# How do you solve x^2+4x+7=0?

Aug 12, 2015

Try factoring first. It won't work, so either use the quadratic formula or complete the square, as you prefer.

#### Explanation:

${x}^{2} + 4 x + 7 = 0$

The expression will not factor using integers.

Use your favorite of either the quadratic formula or completing the square.

Completing the square

Because the leading coefficient is $1$, and the coefficient of $x$ is even, completing the square is a good choice for this equation.

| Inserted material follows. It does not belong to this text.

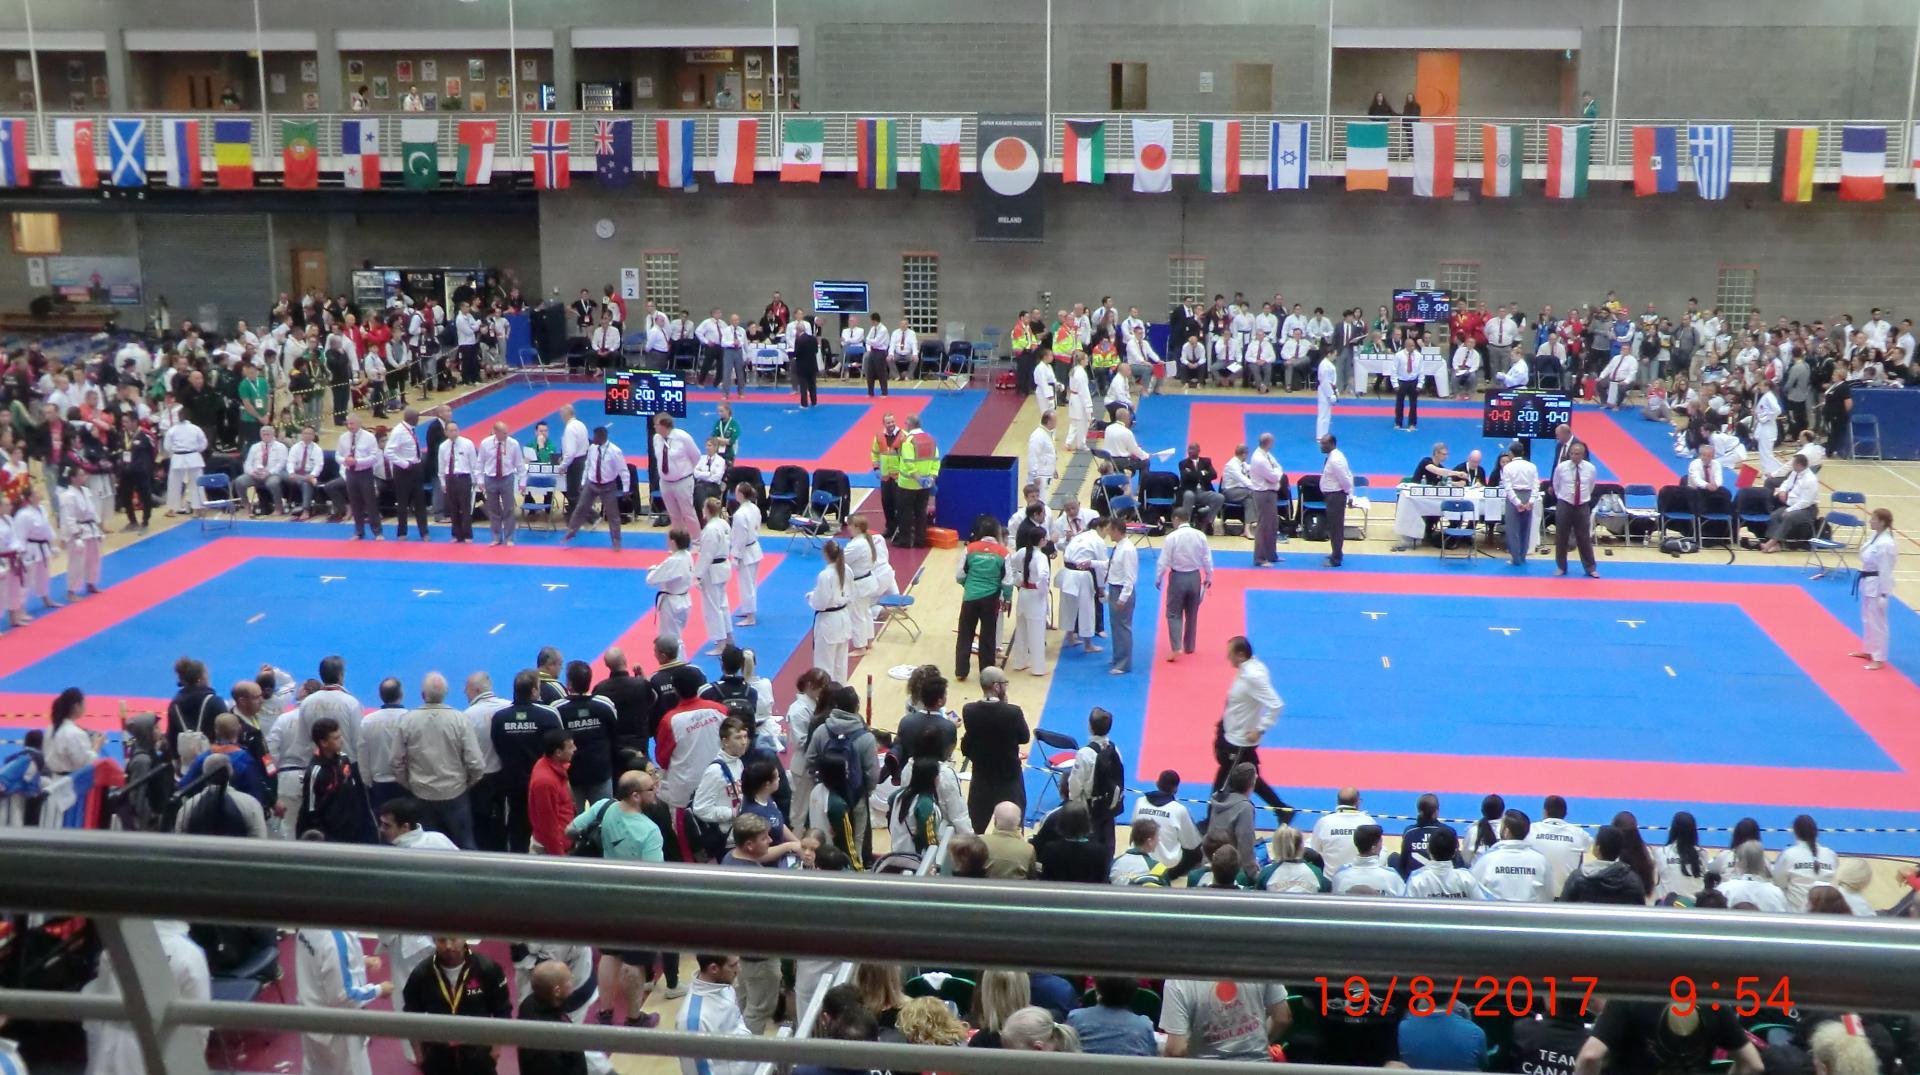 Championnat du Monde Jka 2017 à Limerick ( Irlande

${x}^{2} + 4 x \text{ " " } = - 7$

${x}^{2} + 4 x + 4 = - 7 + 4$

${\left(x + 2\right)}^{2} = - 3$

Which has no solution in the Real Numbers, but has 2 imaginary solutions in the Complex Numbers.

$x + 2 = \pm \sqrt{- 3} = \pm i \sqrt{3}$

$x = - 2 \pm i \sqrt{3}$

${x}^{2} + 4 x + 7 = 0$

$x = \frac{- b \pm \sqrt{{b}^{2} - 4 a c}}{2 a}$

$x = \frac{- \left(4\right) \pm \sqrt{{\left(4\right)}^{2} - 4 \left(1\right) \left(7\right)}}{2 \left(1\right)}$

$= \frac{- 4 \pm \sqrt{16 - 28}}{2}$

$= \frac{- 4 \pm \sqrt{- 12}}{2}$

Which has no solution in the Real Numbers, but has 2 imaginary solutions in the Complex Numbers.

$= \frac{- 4 \pm 2 i \sqrt{3}}{2}$

$= - 2 \pm i \sqrt{3}$